A deep bidirectional model is strictly more powerful than either a left-to-right model or the shallow concatenation of a left-to-right and a right-to-left model. 

In order to train a deep bidirectional representation, we simply mask some percentage of the input tokens at random, and then predict those masked tokens. We refer this procedure as a `masked language model`. 15% of all WordPiece tokens in each sequence at random are masked.

The final hidden vectors corresponding to the mask tokens are fed into an output softmax over the vocabulary. 

In contrast to denoising auto-encoders, we only predict the masked words rather than reconstructing the entire input. 

If a token is selected for masking; 
* 80% of the time : replace the word with `[MASK]` token.
* 10% of the time : replace with a random word 
* 10% of the time : keep the word unchanged. 


### 2. Next Sentence Prediction (NSP)
Many important downstream tasks such as question-answering and natural language inference are based on understanding the relationship between two sentences, which is not directly captured by language modeling. 

In order to train a model that understands sentence relationships, we pre-train for a binarized next sentence prediction task. 

When choosing the sentences A and B for each pre-training example, 50% of the time B is the actual next sentence that follows A(labeled as IsNext), and 50% of the time it is a random sentence from the corpus(labeled as NotNext). 

## Fine Tuning Bert 
The pre-trained BERT model can be fine-tuned with just one additional output layer to create state-of-the-art models for a wide range of tasks, such as question answering and language inference, without substantial task-specific architecture modifications

## Usage Tips 

* BERT is a model with absolute position embeddings so it’s usually advised to pad the inputs on the right rather than the left.
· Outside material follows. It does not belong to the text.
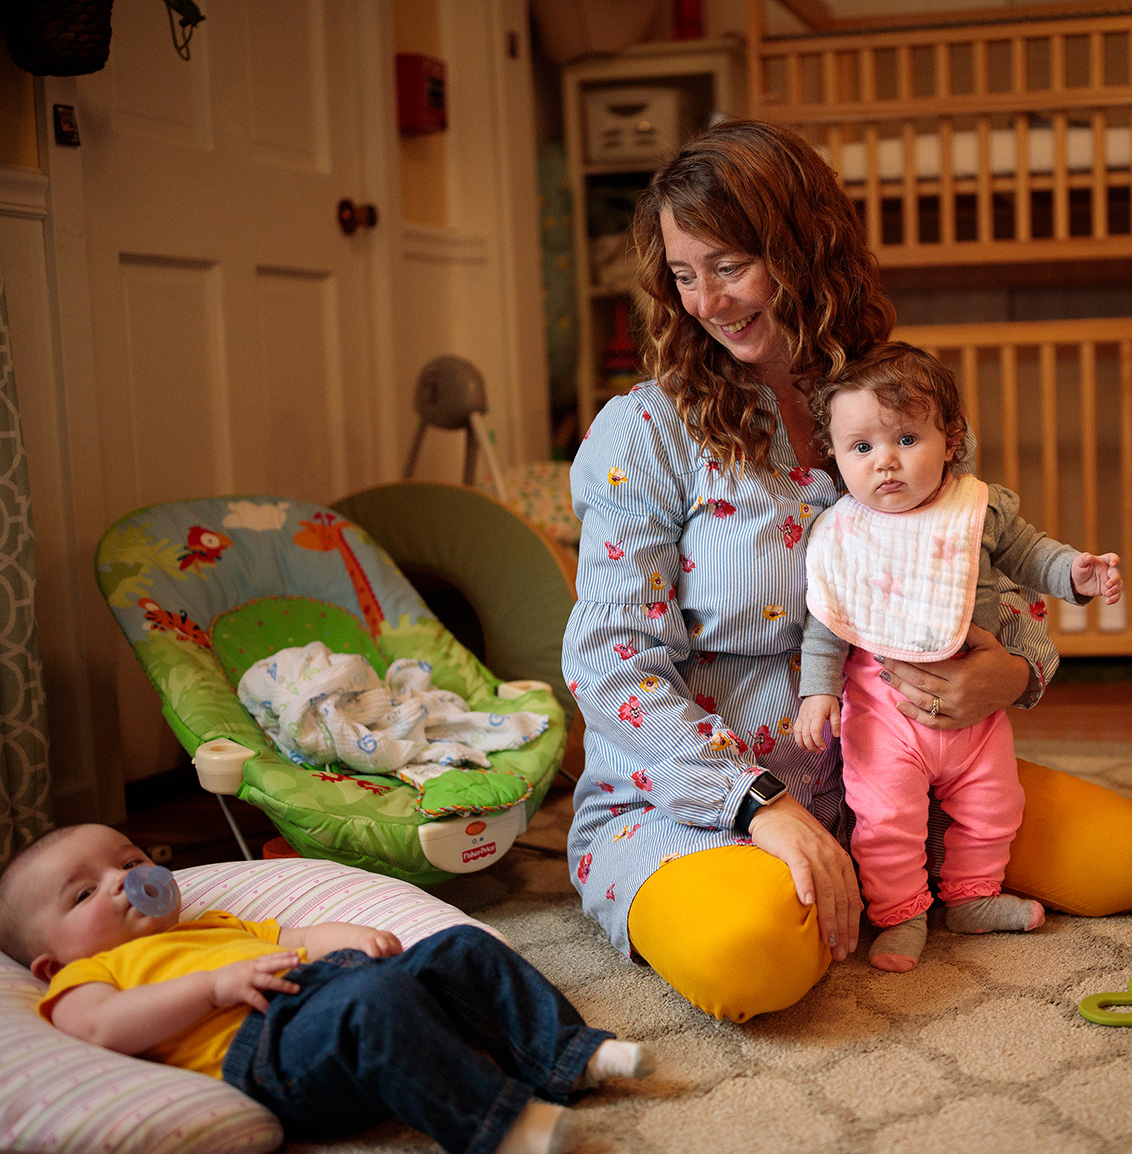 A woman sits on the floor in front of a row of cribs with two small children.

* BERT was trained with the masked language modeling (MLM) and next sentence prediction (NSP) objectives. It is efficient at predicting masked tokens and at NLU in general, but is not optimal for text generation.

## Token Classification
* Named entity recognition (NER): Finding the entities (persons, locations or organizations) in a sentence. This can be formulated as attributing a label to each token by having one class per entity and one class for no entity. 

* Part of speech tagging (POS): Mark each word in a sentence as corresponding to a particular part of speech(noun, verb, pronoun ...) 

* chunking : finding tokens belongs to the same entity. This task can be formulated as attributing one label to any tokens that are at the beginning of a chunk, another label to tokens that are inside a chunk, and a third label to tokens that dont belong to any chunk.